Confusion over Scandinavian flags remains among military collectors today – perhaps with good reason. Often the Danish Dannebrog is confused with the Swiss flag, however the subtleties of Scandinavian flags are quite simple – once clearly differentiated, that is.
Once among the world’s most powerful nations, Denmark still ranks as one of the largest geographic countries on earth; counting its protectorate, Greenland, plus the Faroe Islands and Bornholm. While once ruling much of present day Norway and Sweden, Denmark has made an even more lasting impression on world history with their flag, the Dannebrog.
The basic design can be traced back 700 years, and a coin suggests it dates from the late 1100’s and could actually be related to red flags used on the Baltic Sea in the ninth century. In a story known to Danish children, the Dannebrog fell from heaven on June 15, 1219 during a battle at Lyndanisse between Denmark’s King Valdemar II and Estonia. Bishops had of course prayed for victory, and as a sign of favor, God sent the first Dannebrog fluttering down to earth.
More likely is that it was a gift from the Pope, as it appears similar to the war flag of the Holy Roman emperors, while other areas of Europe have employed a similar design through history; Danzig, Barcelona, Pisa, Utrecht, and Savoy.

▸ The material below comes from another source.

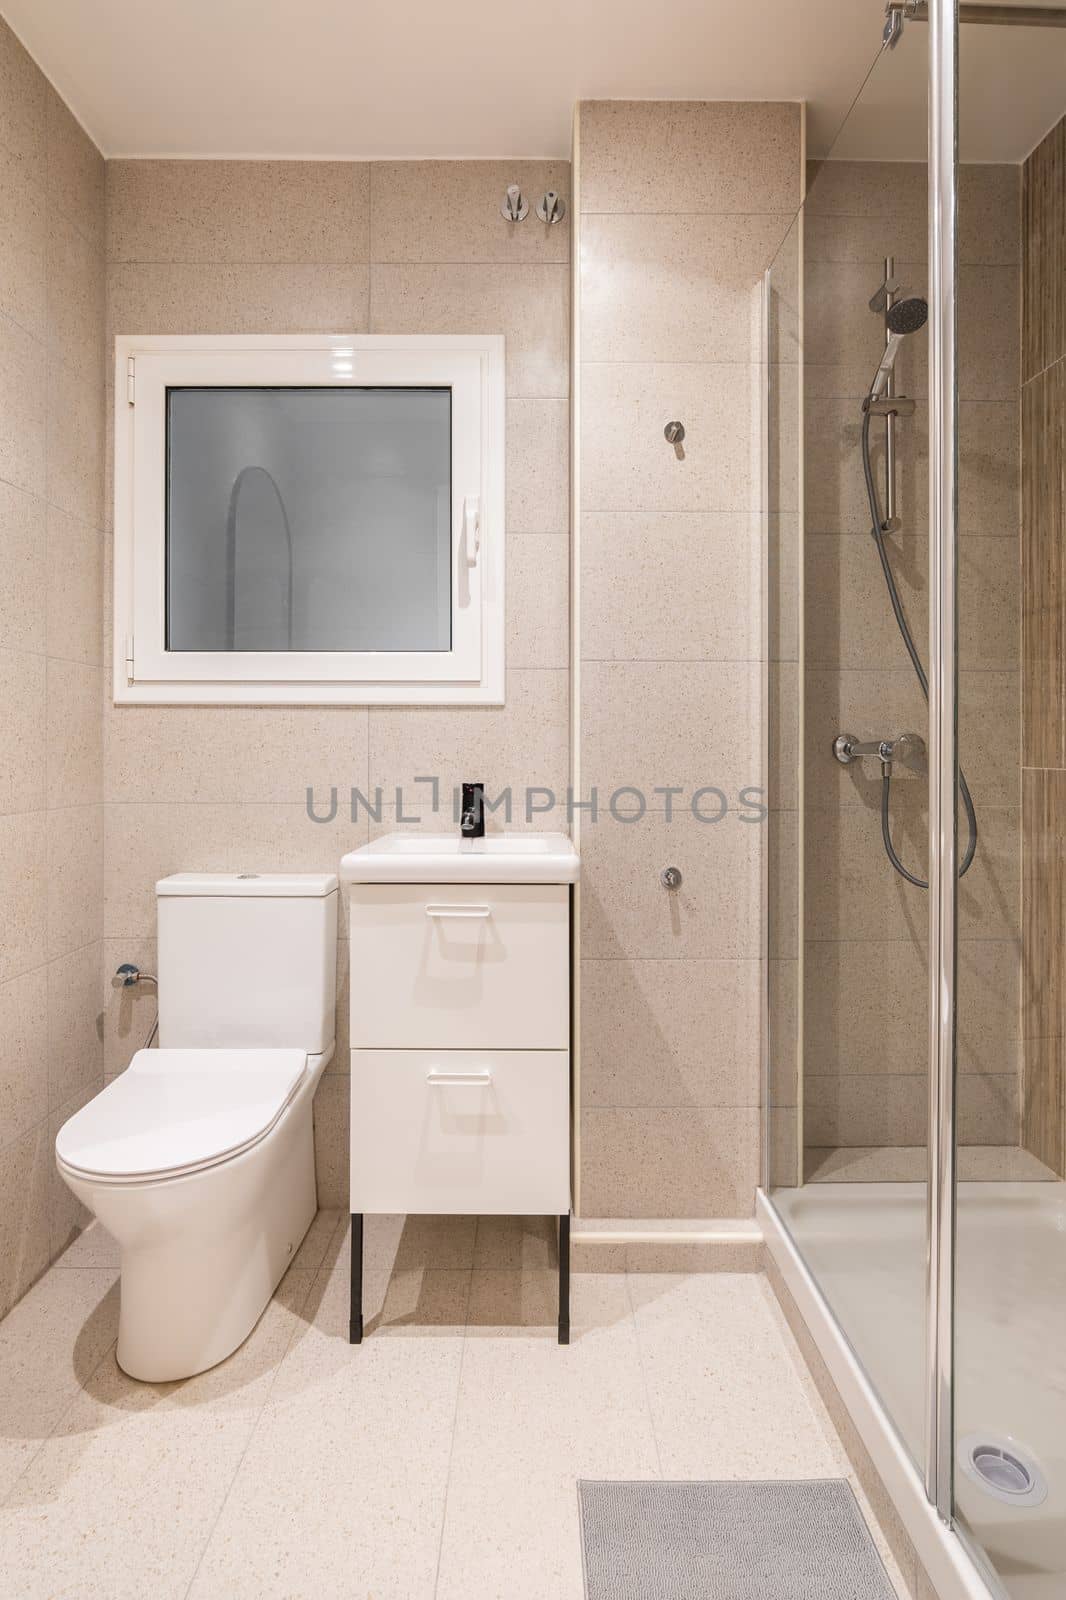 Bathroom with small shower area enclosed by transparent glass wall. Washbasin on furniture with drawers for bathroom accessories. Window in wall with frosted glass and white frame. by apavlin

In its current form, the Dannebrog is among the simplest in the world – a white cross offset on red. This design is also employed by Norway but with an inset blue cross overlaying the white. Sweden has a yellow cross on blue, and the Danish island of Bornholm keeps the Dannebrog red field with an overlaid green cross. Though technically Iceland and Finland are not considered part of Scandinavia, their flags are of the basic Dannebrog design. Iceland with its red cross over white on a blue field, Finland with the light blue cross on white. The Finnish province of Aaland bears a red cross inset over a yellow cross on a blue field. The Danish Faroe Islands flag bears a red cross inset on blue on a white field.
The Dannebrog is flown both in rectangular form as well as the “splitflag,” which is reserved for royal institutions and the navy. Of course any visit to beautiful Denmark will show that Danes are practically unrivaled in their pride over the Dannebrog. It is flown virtually anywhere there is room; at home, in the garden plot, strung across shopping malls, around sitting rooms, atop birthday cakes, and even as ornaments for Christmas trees. It is flown in commemoration of a glorious early May day in 1945 when the occupying Germany army was forced out. Every July 4th, many Danes also observe the American Independence day with the Dannebrog flying next to the stars and stripes to celebrate the strong ties between the United States and Denmark.
References: “Flags Through the Ages and Across the World,” by Dr. Whitney Smith; and Tojhusmuset, Copenhagen.